Free/ cheap education does not necessarily lead to actively denying people opportunities to attend college. If anything, it does the opposite, as the cost becomes less of an issue for those who are poorer.

Free/ cheap education does not mean that colleges must accept everyone. There should (and would) still be admissions processes, competitive applications, and other criteria and benchmarks before one can be accepted into good/ great universities.

The admissions process consists of colleges measuring how likely someone is to succeed. Those students who are accepted were already more likely to succeed even before being allowed in. Grades are an indication of how likely you are to succeed. The SAT is basically an IQ test. Colleges ask where you parents went to school? Do you have any legacies? The whole process is designed to select those who are already most privileged and most likely to succeed so they can further educate them and help them succeed more. This is economically efficient as it is easier to train someone who is already very smart and educated to become a doctor than someone who is behind in school, but it makes no sense to force the 65% who will not get degrees to pay for it. Welfare for the poor is one thing, but welfare for the rich is something else entirely. While college graduates may not be the 1%, they are the 35% and are in no need of welfare.

Under the current system a high school class may apply for college. The privileged half get in and go, while the unfortunate half grabs what low paying jobs they can. Meanwhile the unfortunate half are forced to pay taxes on their meager income to support the future upper class while they study, relax on lazy rivers and do whatever else it is the upper class does in college.

The idea that free tuition is targeted at the poor is ludicrous. This is not means tested free tuition being talked about. This is across the board free tuition which applies to whoever gets in and for the most part "whoever gets in" = "children of rich parents." The will always be a few exceptions to the rule, but the general rule remains that those with well off parents go to college while those with poor parents do not.

Free college for those with good enough grades and high enough test scores to get in and no college for those without is a blueprint for how to promote inequality.

Ignoring that many people who know they will never afford college or university don't ever apply for it.

And also ignoring that many colleges exist (or should exist) as trade schools for careers that may not need the highest educated people, but do need hard working people who are properly trained. Which, again, many people don't even try for because they need to start working in low-end jobs as soon as they can just to get by.

Would these trade schools be open to the public?
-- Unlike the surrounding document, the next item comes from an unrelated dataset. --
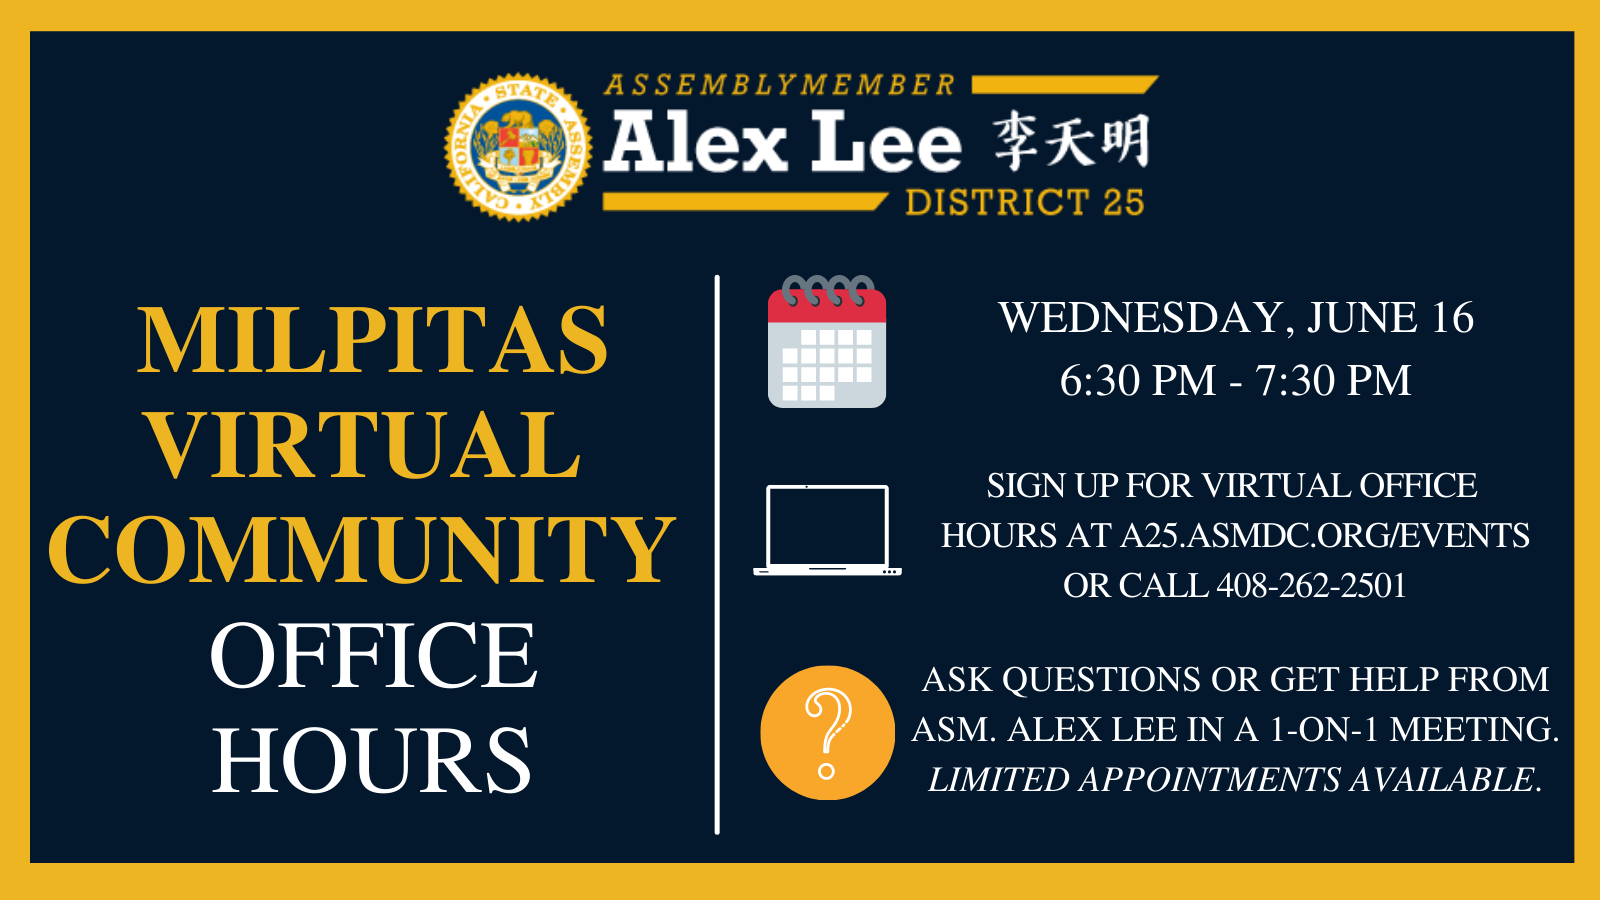 Milpitas Virtual Community Office Hours

If so then I am fine with subsidizing tuition. What I am against are subsidies aimed at elite colleges with elaborate admissions systems designed to weed out anyone unlikely to succeed.
If we are talking about education aimed at the bottom 65% that anyone is welcome to sign up for, then I am in favour. I am in favour of free high school, but not free elite colleges.


Your position makes no sense.

You want public funding for things that will help everybody.

College is currently for "privileged elites only". The only way that this statement makes sense is if you are referring to the fact that only the financially privileged (those that can afford it) can go to college.

So, to remove that "privileged elite" status, people are proposing that college should be free, which breaks down a major barrier for poor people entering college.

And yet you oppose this.

If a college is willing to abandon its admissions process and become public (as in open to the public like public high school) then I am in favour. Community College and trade schools are fine.

Any institution that takes significant government money should be open to anyone. The very fact that this isn't a thing right now is part of the reason why tuition fee's have gotten completely out of control.

Wat, no. that's not. Especially in regards to the UC system.